Nabil Chaabane

Applied scientist, PhD.

I received my engineering degree from the higher school of communication, Tunisia in 2009, where I worked on image processing and remote sensing applications. In a joint project, I was employed by INRS, Quebec to study the desertification of southern Tunisia. In 2015, I received my Ph.D from Virginia Tech. My doctoral research dealt with the study of droplets deformation under different matrix flows. My primary research interests are the development and analysis of numerical methods applied to fluid dynamics problems modeled by the means of partial differential equations. In 2015, I joined the team led by Dr. Riviere as a postdoctoral fellow.
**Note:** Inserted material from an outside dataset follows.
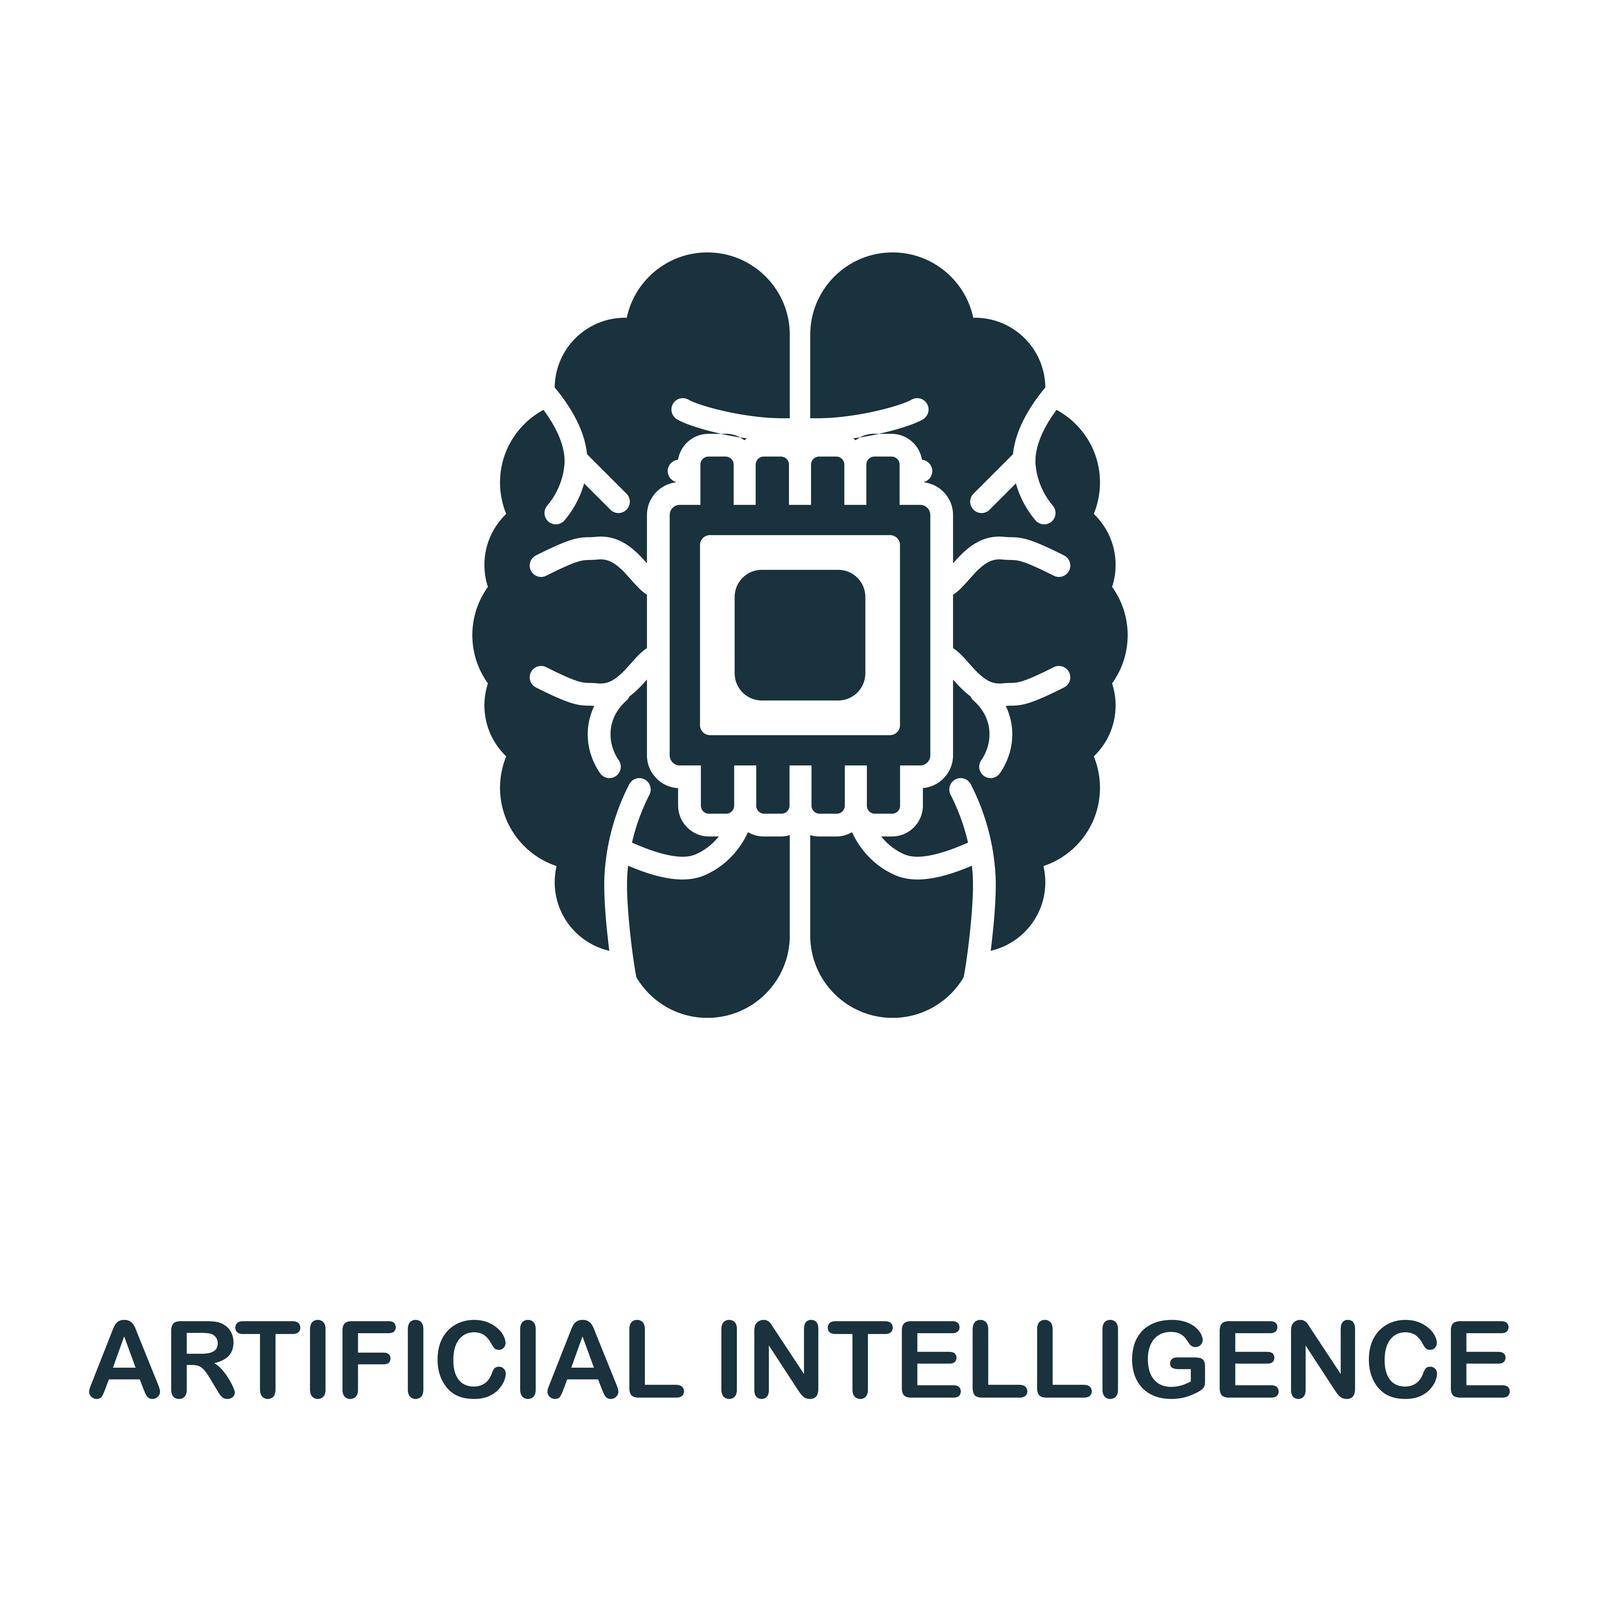 Artificial Intelligence icon. Simple line element artificial intelligence symbol for templates, web design and infographics.

My current research deals with the study of the coupling of flow and geo-mechanics and high performance computing implementation.

Research interests

  1. High performance computing.
  2. Discontinuous Galerkin method.
  3. Coupling of geo-mechanics and flow.
  4. Computational fluid dynamics.
  5. Reservoir simulation.
  6. Finite element method.

Education

  • Ph.D in Mathematics, Virginia Tech
  • M.S in Mathematics, Virginia Tech
  • Engineering degree in Telecommunication, Higher School of Communication, Tunisia
  • Publications

    Neural networks

    Convolutional neural networks have been proven to be an excellent tool by the image processing and object recognition community. One of my interests is to implement convolutional neural networks to detect key facial points. A large set of images is used to train the network. In a more rigorous mathematical setting, an optimization problem is solved to determine the parameters of the network. This will allow us to detect key facial points in arbitrary input images. An example of these images and the key facial points detected is shown above.